The Mountain Touch

Introduction

The Mountain Touch

Daniela Berta

Director
Museomontagna, Torino


Mario Montalcini

President
Museo Nazionale della Montagna



Here contemporary art and science are exploring the regenerating and transformative opportunities that human beings derive from contact with nature, with a special regard for mountain contexts. Conceived and developed by the Museo Nazionale della Montagna of Turin, where the show could be visited between 2022 and 2023, a new version – updated and expanded in artistic and scientific content – of The Mountain Touch is now being presented at MUSE, the Museo delle Scienze in Trento.
At a time when daily life takes us ever further from natural environments, this project aims to rekindle the dormant awareness of the inestimable value of our bond with nature and of the possibilities for enjoying its beneficial effects, on both our physical and mental health, via the simple act of traversing and staying in touch with mountains and their ecosystems.

A transdisciplinary outlook is essential for those museums and cultural institutions strongly projected towards the great themes and urgent issues of the contemporary world; likewise, an openness to research, innovation and different sensibilities: all things that this exhibition has adopted as its work method with MUSE. Within this framework, the narrative path of The Mountain Touch unfolds via a synergetic dialogue between humanist and scientific cultures, aiming to contribute to the development of an increasingly aware ecological responsibility, in line with the United Nations’ 2030 Agenda for Sustainable Development and with the most recent guidelines expressed by ICOM – International Council of Museums.

As part of the celebrations for the 150th anniversary of our institution, founded in 1874, and of Museomontagna’s Sustainability Programme, which, since 2018 to today, has witnessed the production of a dozen or so exhibitions staged both in the museum and elsewhere, as well as a multitude of multifocal public projects and educational workshops, The Mountain Touch stands to confirm the importance of investing in the languages of sustainability for the future.
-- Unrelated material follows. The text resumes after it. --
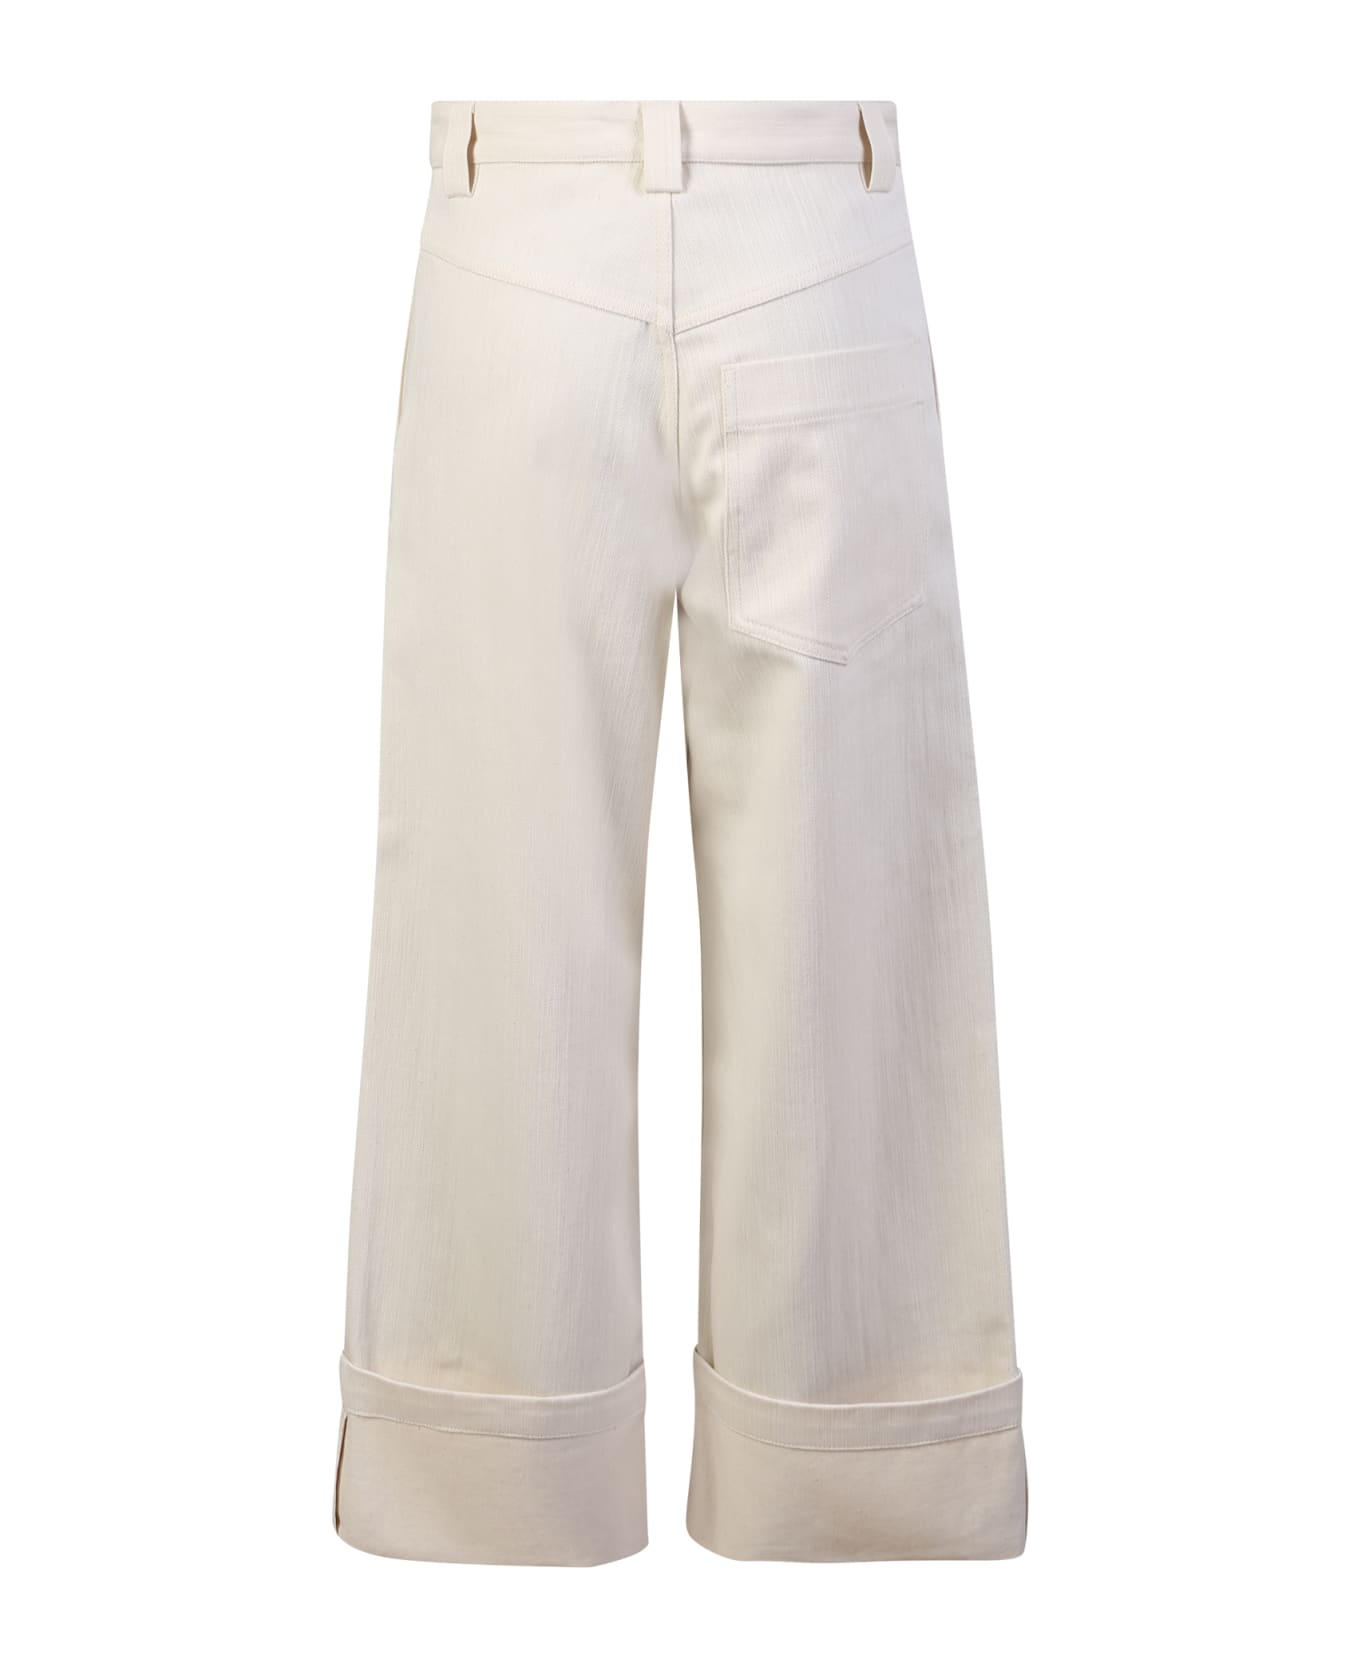 Moncler Genius Turn-up Pants - White

After the success of Tree Time – staged at Museomontagna between 2019 and 2020 and at MUSE between 2020 and 2021 – this project reinforces the relationship between the two museums, confirming the need to deal with the complex themes of our time within quality convergences and interdisciplinary systems of cooperation.

Through twenty works by seventeen artists, accompanied by scientific texts by a dozen or so researchers from different scientific fields, The Mountain Touch is a meeting point where art is a vehicle for communicating complex scientific concepts and science provides new keys for appreciating the artworks, thus providing tools to aid everyone in understanding, asking questions, or processing ideas: in short, being part of the game. It is an invitation to take part in an aesthetic, experiential and informative experience, but above all to actively take part in the culture of sustainability and the development of a caring awareness.

In his book The Innocence of Objects, the Turkish Nobel Prize-winning author Orhan Pamuk includes a manifesto for museums in the hope that they will address our humanity, explore the universe and the new, modern man, and measure success by their capacity to reveal the humanity of individuals rather than by their ability to represent history or society. So, in the broader ongoing process of rethinking the representative, descriptive and prescriptive museum paradigm, The Mountain Touch moves in the direction of stimulating visions, feelings and sustainable actions and designs a sphere of expression for the profound, ancestral feeling of being human.